Achille deliberated, and lit his cigar. "Do you purvey human cargo?"

"If that means in, well. Depends who's asking - and if the asker's you, you'd better bloody be a Norman; you a Norman?" He grinned, rhetorically.


Achille harboured no interest in boring this man into a coma with the narrative of his existence. "Yes." He smoked, voice laced with earnestness.


The man laughed, full-faced, full-teethed, truthfully confident yet pointedly fake. "Oh, I'm sure. Norman with a burgundian accent, right. You want to get shot? Now, I have no problem with that. Stand away, fork me a few and I'll make a fetching patten out of your grey fluids right over this blast shield here. What you're suggesting however, is going to get me shot. The scanners they've got on that gate, ooh, man. They can read your blood. See your guts. Tell you things about yourself, read your DNA like it's on CNS."

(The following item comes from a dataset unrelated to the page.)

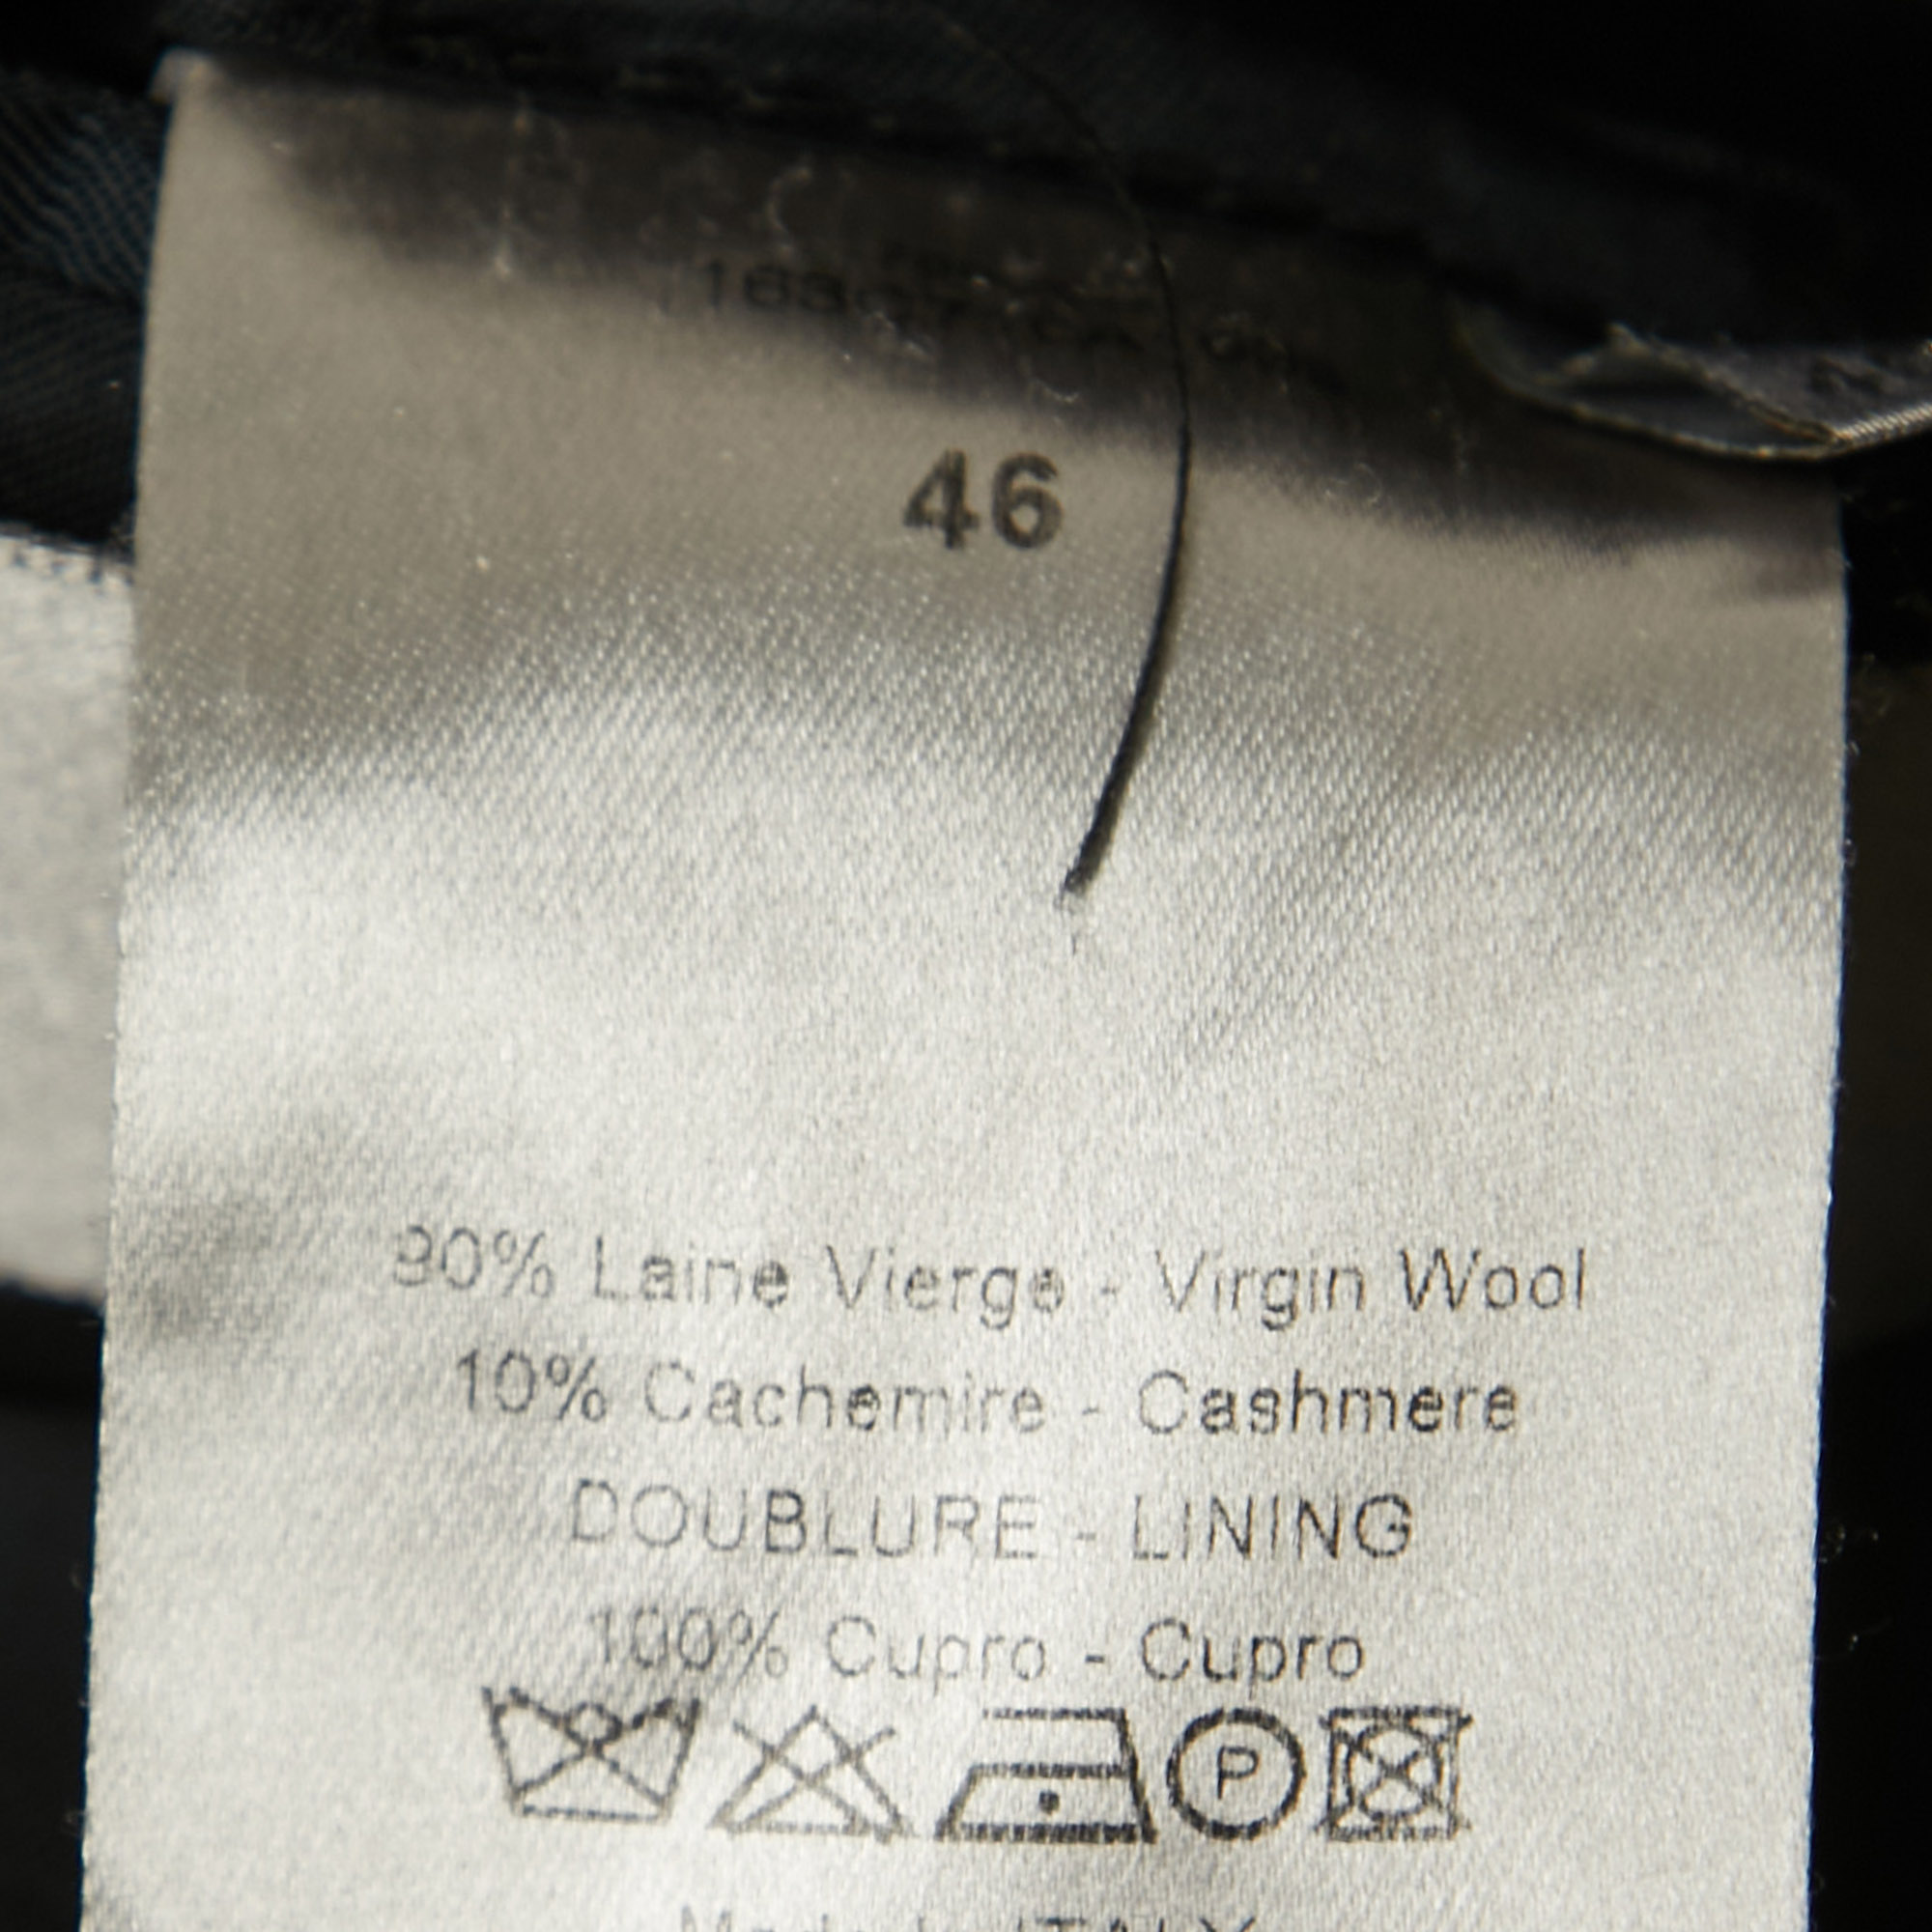 Dior Grey Wool Single-Breasted Jacket S

Achille didn't bother lecturing the gunslinger over how absolutely batpoop his hypothesis happened to be. "So you won't take me." He breathed, self-evidently snorting cigar ash.

The man leaned his boots against the table edge, and became a slab of reticence.
"Go tug at yourself or something." He offered. "Only Normans get into Normandy, and only Normans ask. Y'see, I'm being neat to you." The smuggler grinned again, wide, moon-chinned. "Get out of Maine if you know where your head is."


Get out of Maine. Get out of Maine. Where the damnation are the bloody Corse?